Multiple Major and Minor Anomalies Associated With Klippel-Feil Syndrome: A Case Report
Nada VUJASINOVIC STUPAR1, Slavica PAVLOV-DOLIJANOVIC1, Nur HATIB2, Bojan BANKO3, Milan DJUKIC4, Natasa NIKOLIC JAKOBA5
1School of Medicine, University of Belgrade, Institute of Rheumatology, Belgrade, Serbia
2Department of Maxillofacial Surgery, School of Dental Medicine, University of Belgrade, Belgrade, Serbia
3Clinical Center of Serbia, Center for Radiology and MRI, Belgrade, Serbia
4School of Medicine, University of Belgrade, University Childrens Hospital, Belgrade, Serbia
5Department of Periodontology and Oral Medicine, School of Dental Medicine, University of Belgrade, Belgrade, Serbia
Keywords: Anomalies, Klippel-Feil syndrome, neurological symptoms, trauma
Abstract
Klippel-Feil syndrome is defined as congenital fusion of two or more cervical vertebrae.
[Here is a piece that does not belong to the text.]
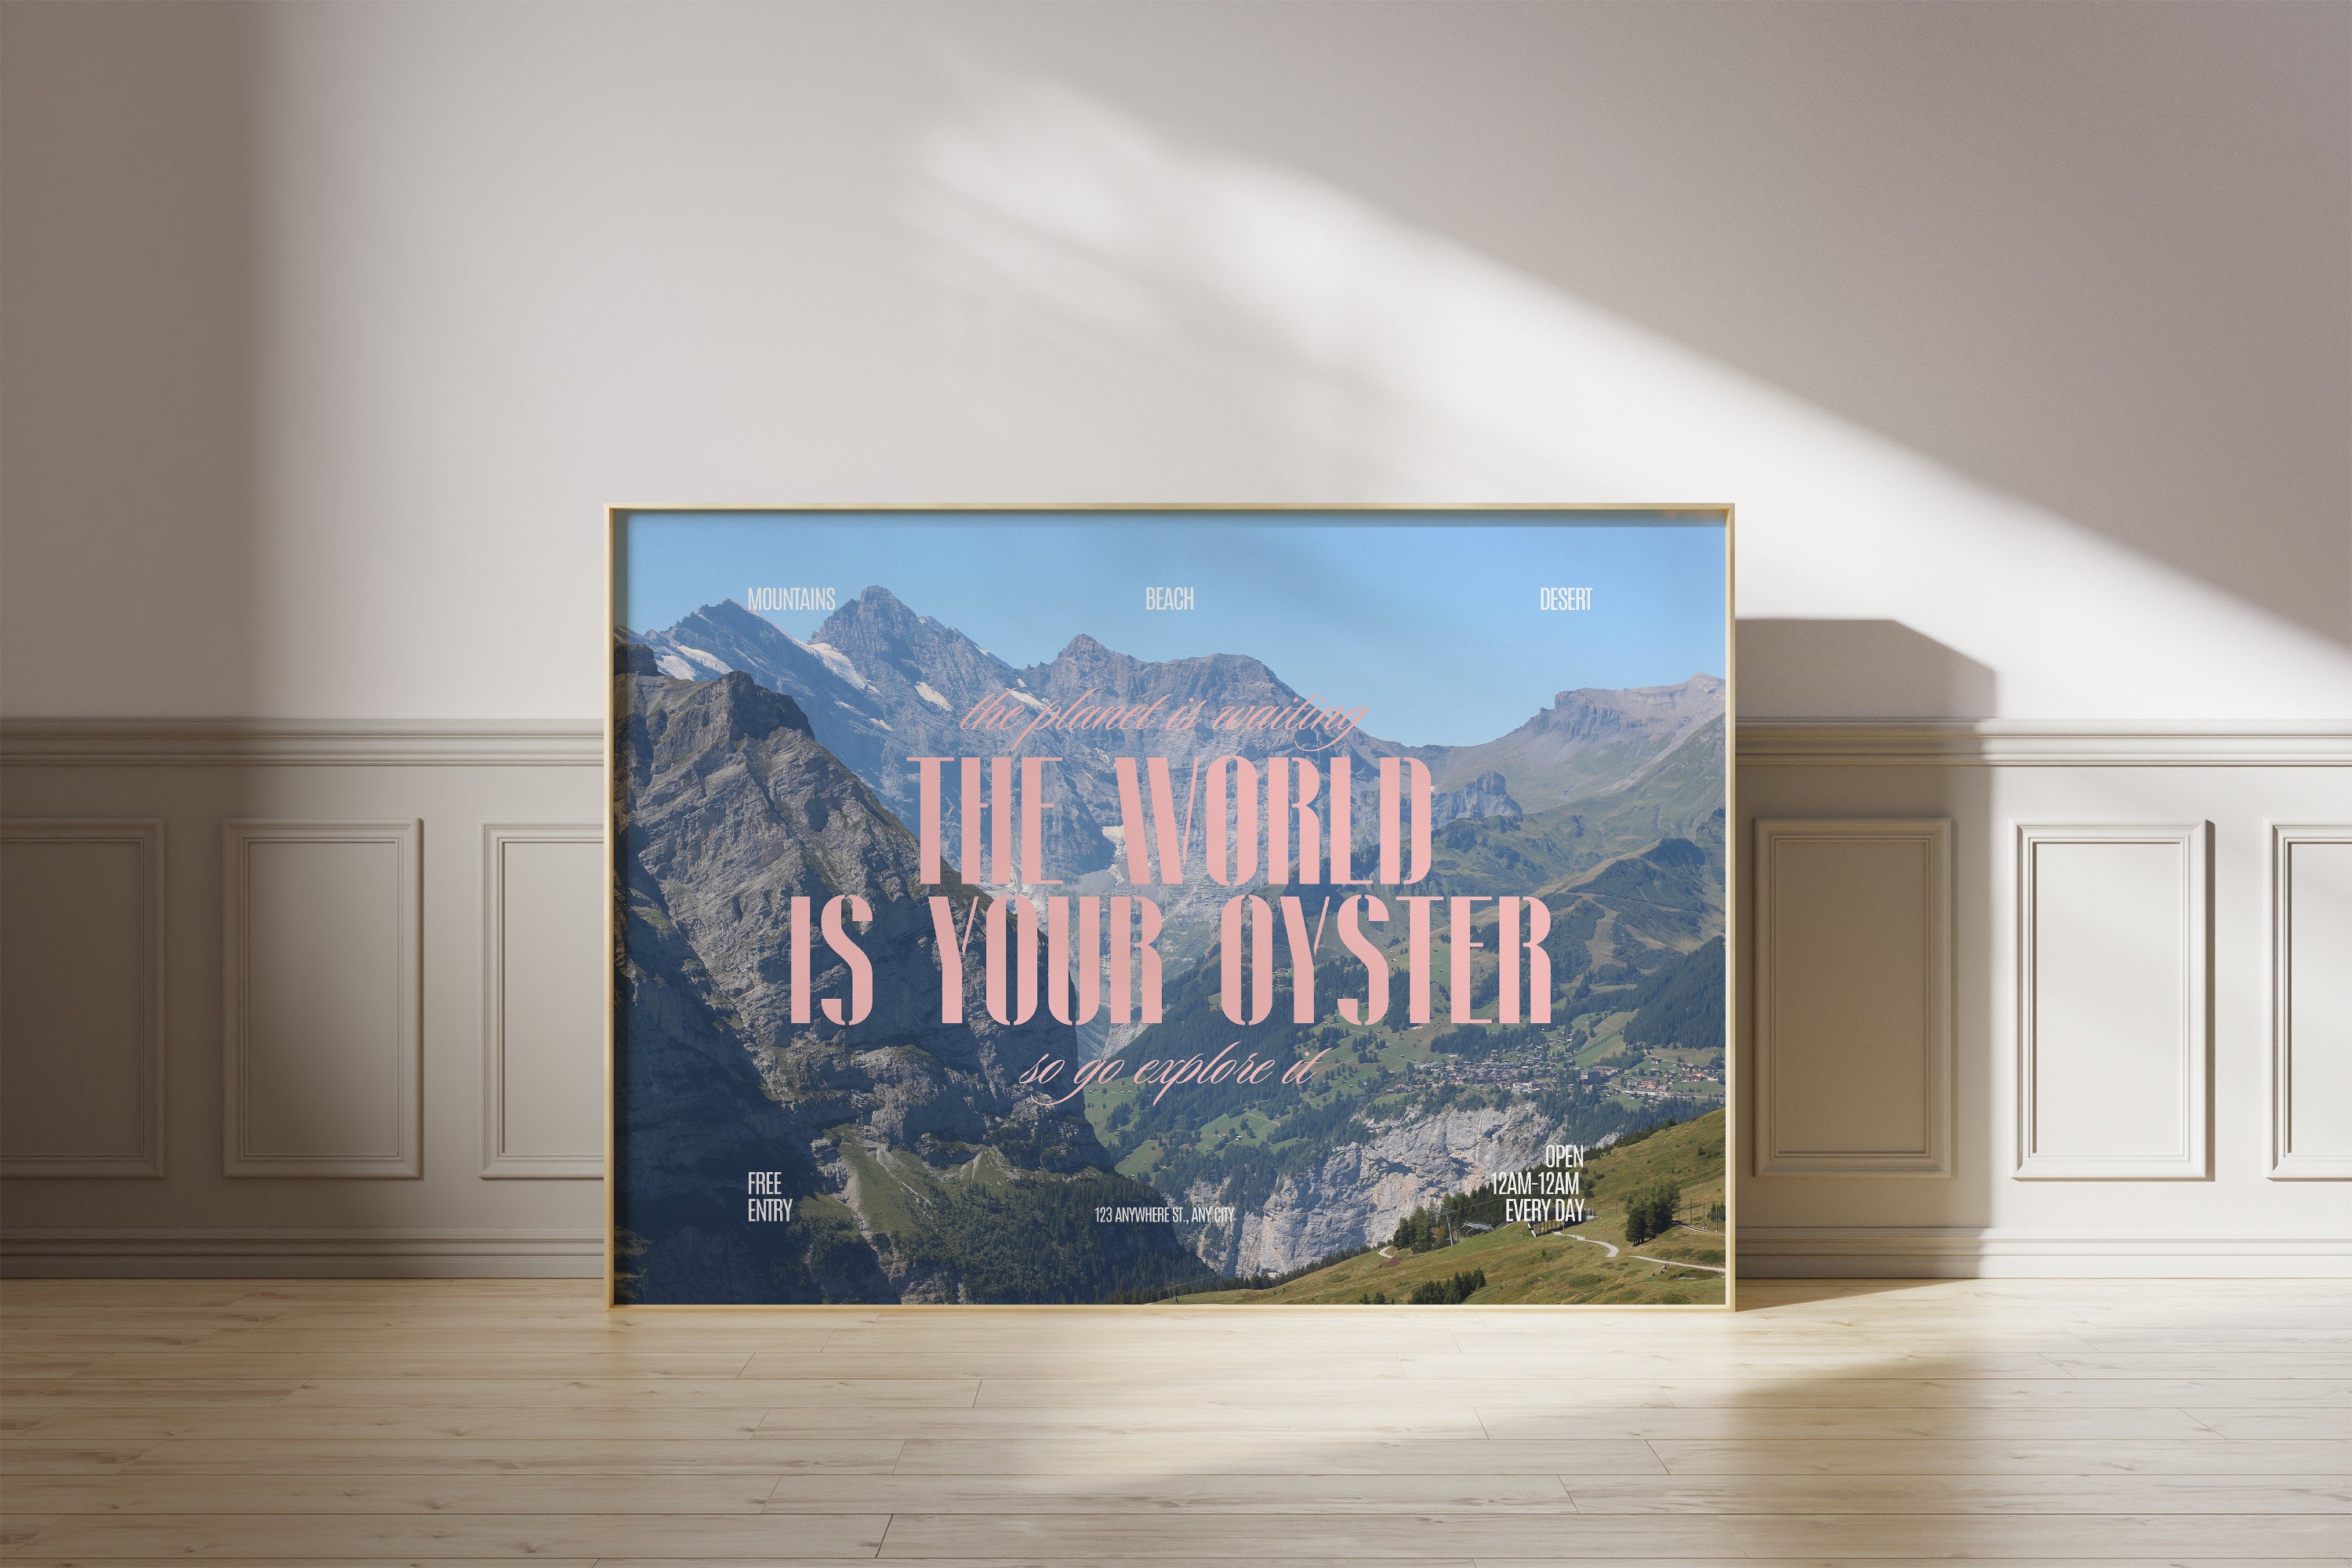 The World Is Your Oyster,Digital Art Prints,Out of Office Wall Art,Retro Photograph Prints,Retro Photo Art Print,Preppy Art,Trendy Art Print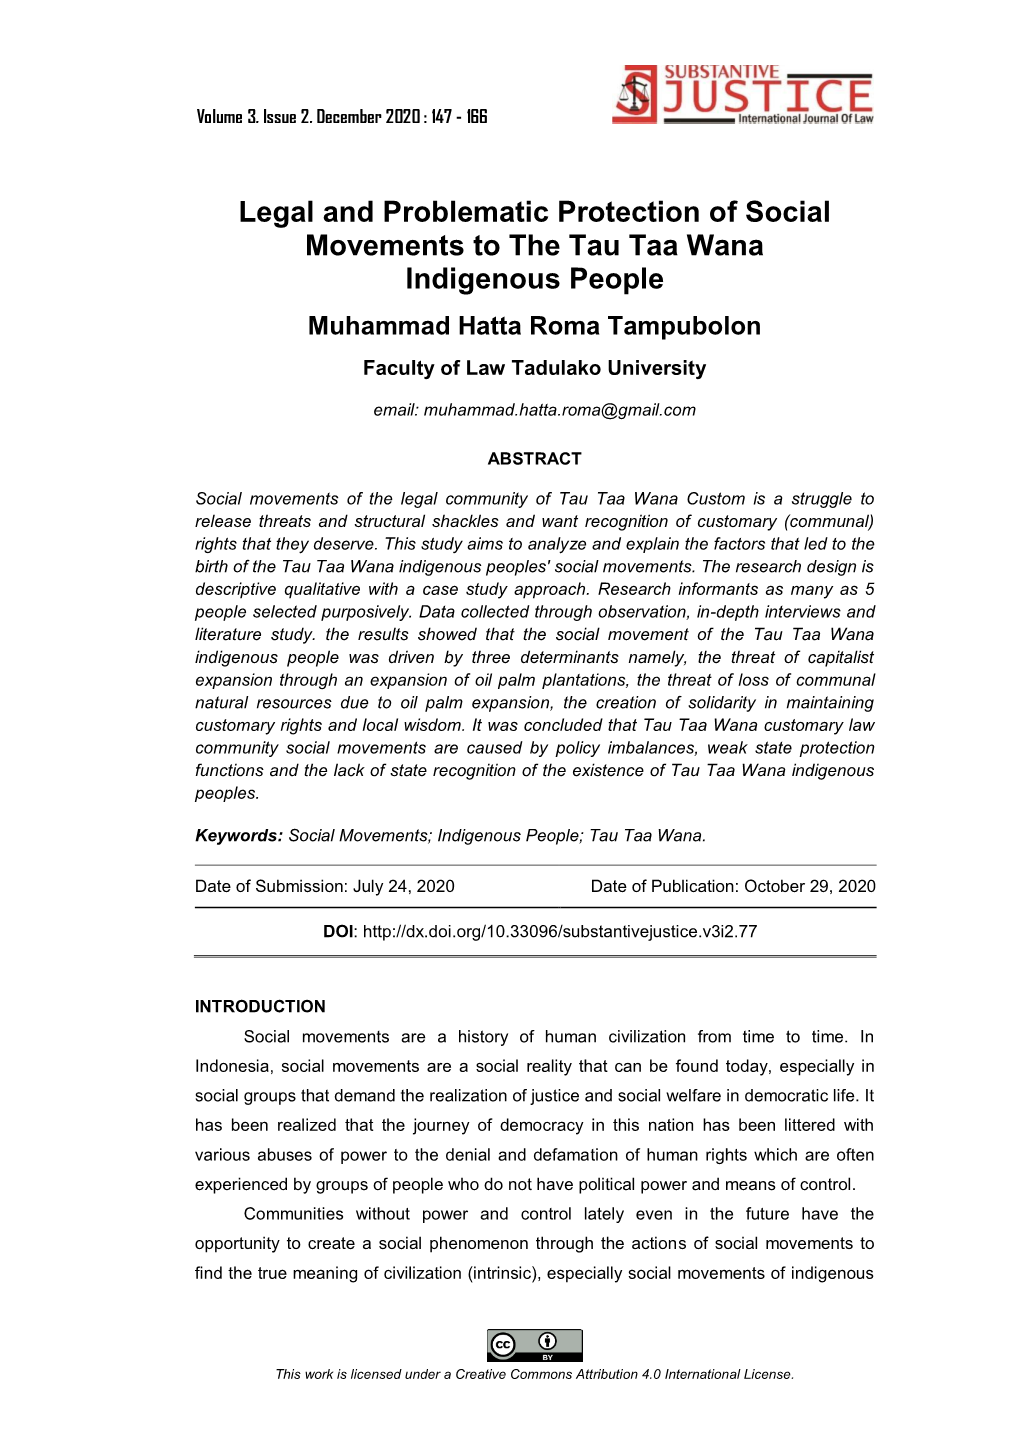 Legal and Problematic Protection of Social Movements to the Tau Taa Wana Indigenous People

In this article, we report a 55-year-old male patient with one-year history of neck pain, headaches, and one episode of syncope after a severe trauma. X-rays and magnetic resonance imaging of cervical spine revealed fused vertebral bodies of C2-C5. The major anomalies associated with Klippel-Feil syndrome (small stature, thoracic kyphoscoliosis, lumbar scoliosis, restricted opening mouth, and bilateral sensorineural hearing loss) as well as multiple minor anomalies (mild face asymmetry, high arched palate, rhinoscoliosis, high nasal bridge, inclined septi nasi, and thin upper lip) were detected. This is a rare case describing the anomalies of the nose in Klippel-Feil syndrome patients. Our patient had no central cord impairment following a severe trauma.
The authors declared no conflicts of interest with respect to the authorship and/or publication of this article.
The authors received no financial support for the research and/or authorship of this article.